You are viewing a plain text version of this content. The canonical link for it is here.
Posted to commits@spark.apache.org by hv...@apache.org on 2018/07/20 22:44:06 UTC
spark git commit: [SPARK-24488][SQL] Fix issue when generator is
aliased multiple times
Repository: spark
Updated Branches:
refs/heads/master f765bb782 -> 597bdeff2
[SPARK-24488][SQL] Fix issue when generator is aliased multiple times
## What changes were proposed in this pull request?

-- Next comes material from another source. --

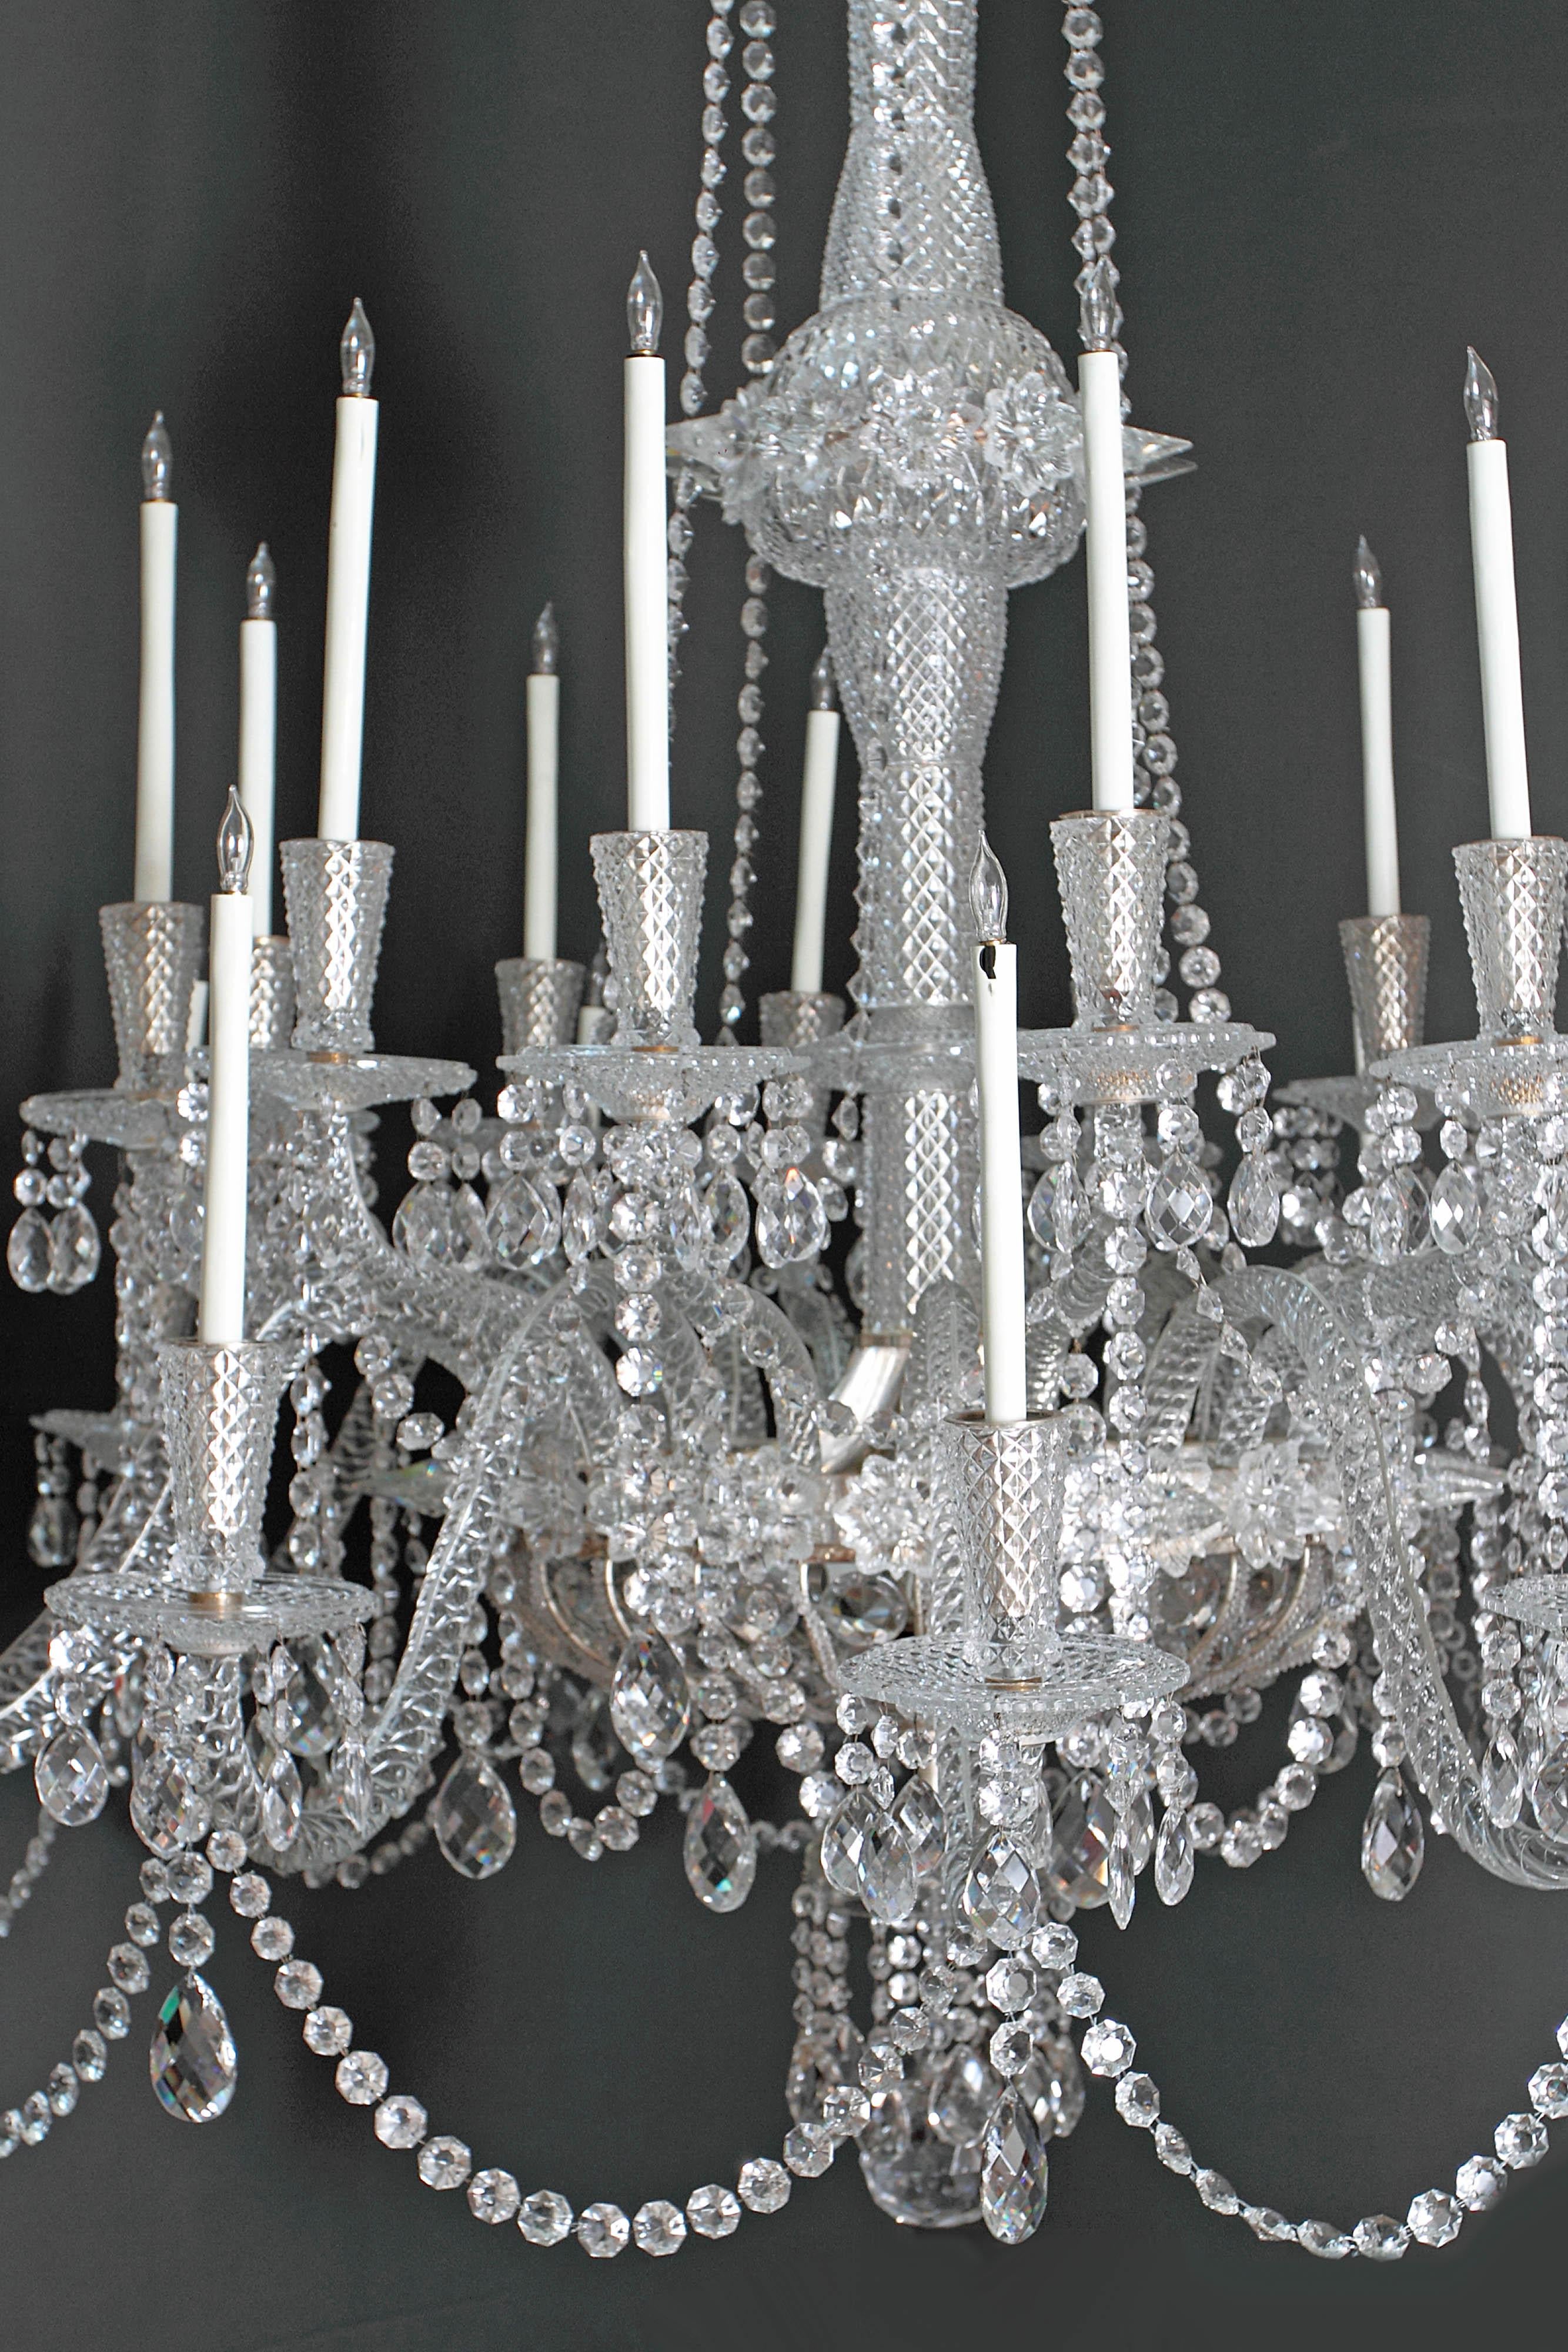 Pair of Grand Scale Mid-Victorian 24-Light Cut-Crystal Chandeliers For Sale 5

Currently, the Analyzer throws an exception if your try to nest a generator. However, it special cases generators "nested" in an alias, and allows that. If you try to alias a generator twice, it is not caught by the special case, so an exception is thrown.
This PR trims the unnecessary, non-top-level aliases, so that the generator is allowed.

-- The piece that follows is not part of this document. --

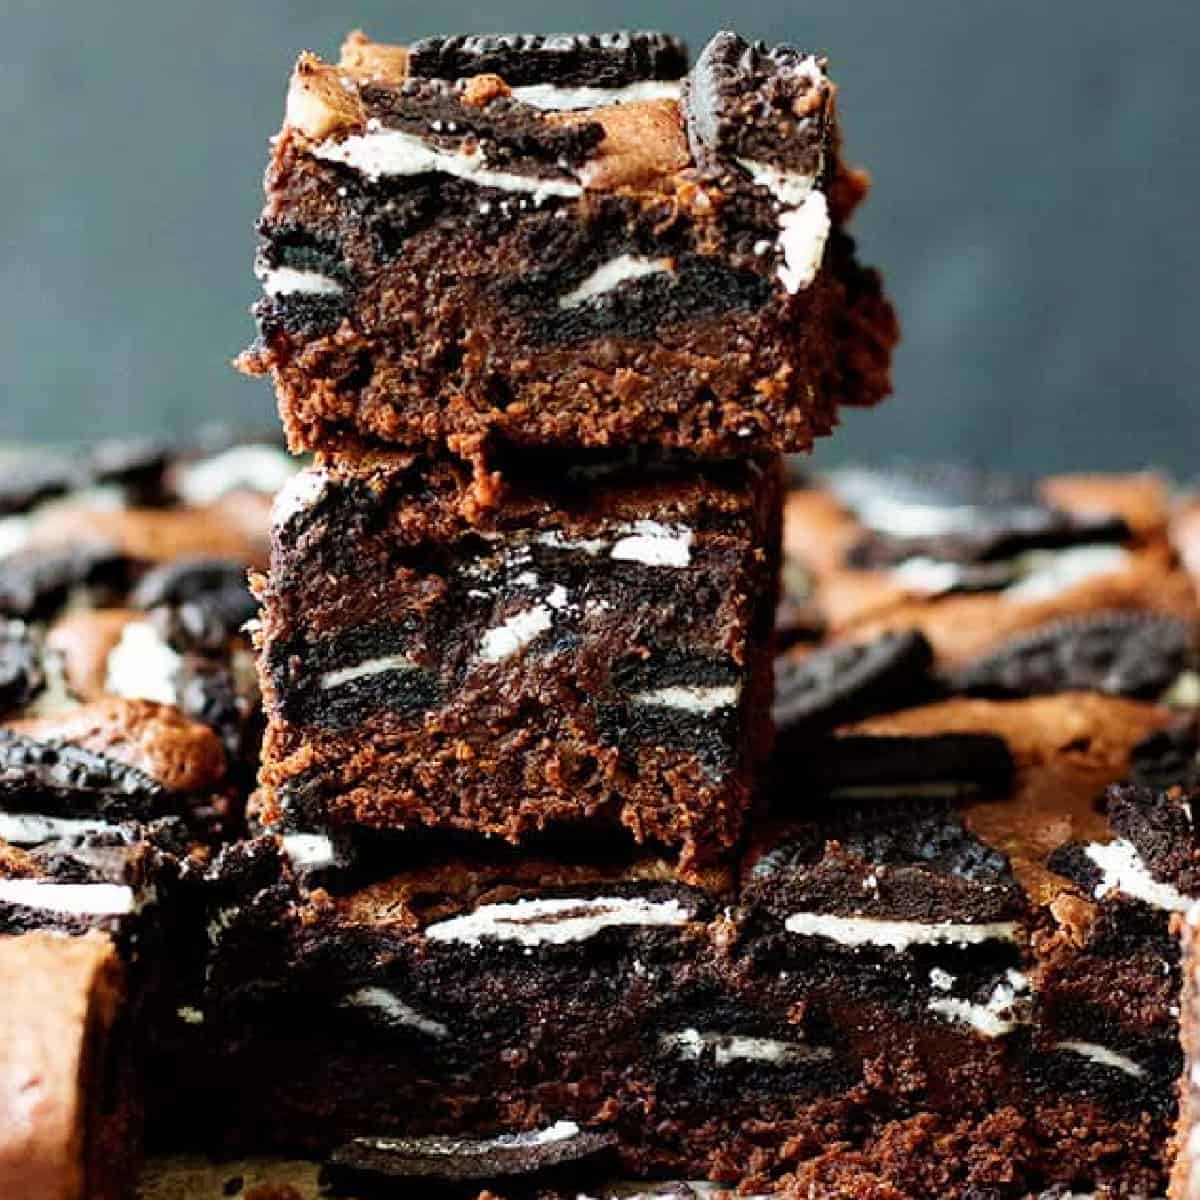 This is the one and only Oreo brownies recipe you'll ever need. Fudgy brownies stuffed and topped with Oreos are so good, you won't be able to stop eating!

## How was this patch tested?
new tests in AnalysisSuite.
Author: Brandon Krieger <bk...@palantir.com>
Closes #21508 from bkrieger/bk/SPARK-24488.
Project: http://git-wip-us.apache.org/repos/asf/spark/repo
Commit: http://git-wip-us.apache.org/repos/asf/spark/commit/597bdeff
Tree: http://git-wip-us.apache.org/repos/asf/spark/tree/597bdeff
Diff: http://git-wip-us.apache.org/repos/asf/spark/diff/597bdeff
Branch: refs/heads/master
Commit: 597bdeff2d07d690287526ab0e722f80749014d2
Parents: f765bb7
Author: Brandon Krieger <bk...@palantir.com>
Authored: Sat Jul 21 00:44:00 2018 +0200
Committer: Herman van Hovell <hv...@databricks.com>
Committed: Sat Jul 21 00:44:00 2018 +0200
----------------------------------------------------------------------
.../spark/sql/catalyst/analysis/Analyzer.scala | 53 +++++++++++---------
.../sql/catalyst/analysis/AnalysisSuite.scala | 8 +++
2 files changed, 38 insertions(+), 23 deletions(-)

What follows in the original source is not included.